Proposal: Automated analysis of open source ecosystems based on Awesome lists (#6)

This commit is contained in:
Tobias Augspurger 2022-01-14 04:38:21 +01:00 committed by GitHub
parent 092b3f63cb
commit 6fc1abeeec
No known key found for this signature in database
GPG Key ID: 4AEE18F83AFDEB23
1 changed files with 47 additions and 0 deletions

View File

@ -0,0 +1,47 @@
### Title
Automated analysis of open source ecosystems based on Awesome Lists
### Short description
The fully automated processing of Awesome lists allows the health of various open source ecosystems to be captured and analyzed. This gives developers, user and contributors a better understanding whether additional resources are needed and which software packages have a healthy community and development.
### Author(s)
Ly0n
### Proposal body
So-called Awesome List are a central part of the open source ecosystem. They allow developers to get an overview of open source projects in different areas. A cross-platform search engine for open source projects does not yet exist. Therefore, they represent the central dictionary for the most diverse areas within the open source ecosystem. The Awesome.re website offers a central point of contact here, as it provides an overview of all subdomains. The central task of this list is to make projects within a subject area easier to find. Thus, users can browse appropriate resources. At the same time, developers can check which projects already exist, so that resources are concentrated and the wheel is not always reinvented.
The OpenSustain.tech website is based on such an Awesome list, and we are currently working on an open source tooling to analyze the state of the open source ecosystem in the area of climate change related open source technology.
Most of the projects are linked to GitHub or GitLab repository of the underlying project. Therefore, we are able to analyze every project via the platform API to extract meta data from the listed projects. In this way, various health indicators are extracted for every active and listed project within the ecosystem like:
* Last Activity
* Elephant Factor ( How much does the project depend on a single person)
* Number of Reviews per Pull Request
* Ratio of Closed to Open Issue
* Mean Time until an issue is closed
* ...
Here you will find the first running prototype for our study.
https://github.com/protontypes/AwesomeCure
The extracted data on the projects for our study: https://airtable.com/shr9we419r2TkpLkc
The data on the organizations with the ecosystem: https://airtable.com/shrBuNq6VkQQDzB36
I am convinced that the method of our study can be applied to other open source areas as well. Since all official Awesome lists are checked with a linter to the standard "awesome" format, we should be able to develop our tools generically so that they can be used everywhere. That is why we plan to release the tooling for our study as a seperated open source project. This should make it possible to easily repeat the study in the future and to transfer our method to other lists.
### Due diligence
1. **What related work has already been done in this area?** We developed a first very simple prototype: https://github.com/protontypes/AwesomeCure
2. **How is this proposal innovative -- what distinguishes it from other related work?** No one has yet developed a tool to study the health of hundreds of open source projects at the same time.
3. **Who is your doer -- who will execute the proposed work?** I'm leading the development of this tool.
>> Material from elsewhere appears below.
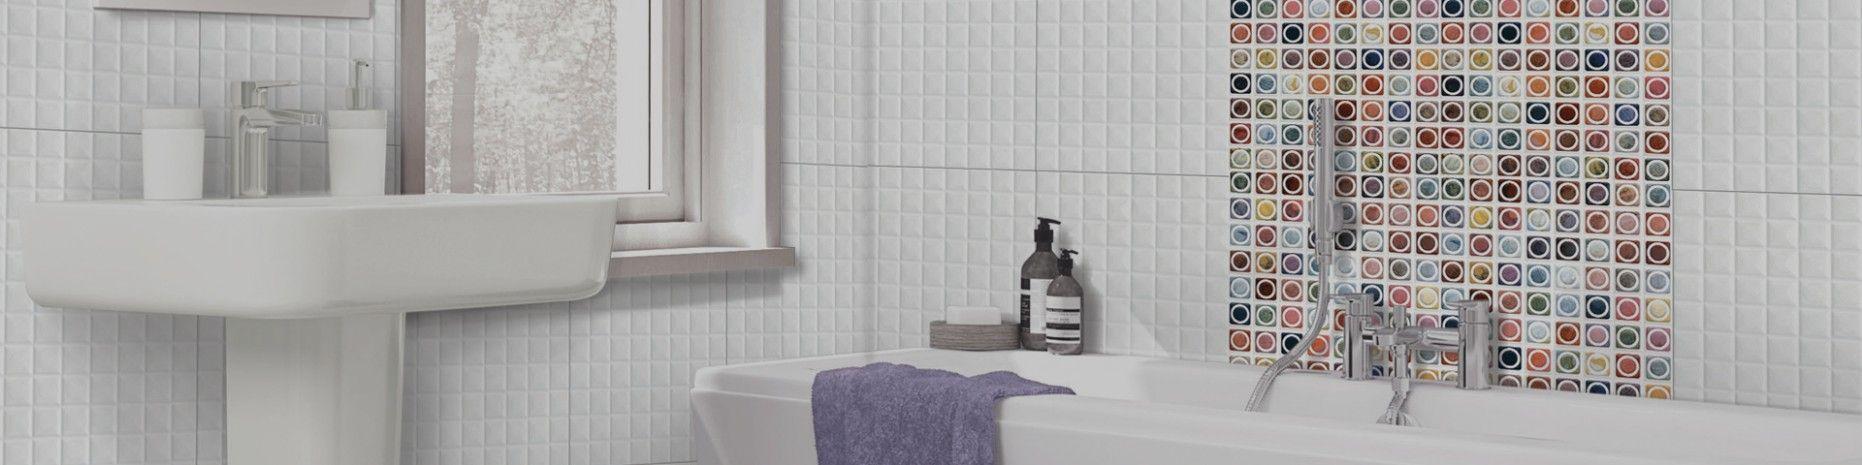 Wood Tile For Bathroom Wall Di 2020

Unfortunately, I am the only experienced developer within the team at the moment.
4. **How might this work be sustained long-term after an initial seed grant?** I see the opportunity to use these tools to advise companies on how to use, co-develop, and invest in open source. Basic funding is possible on a donation basis. Services for companies also allow to generate revenue for the project.
### Resources needed
I would need more experienced software developers to make the project usable for different types of awesome lists. Also, it would be good to have a company as a customer to include their needs in the developers. Advice would also be helpful from people with sufficient experience in this area to weigh different use cases. A grant would help me to free up enough capacity for the project to turn it into a professional open source tool in the medium term.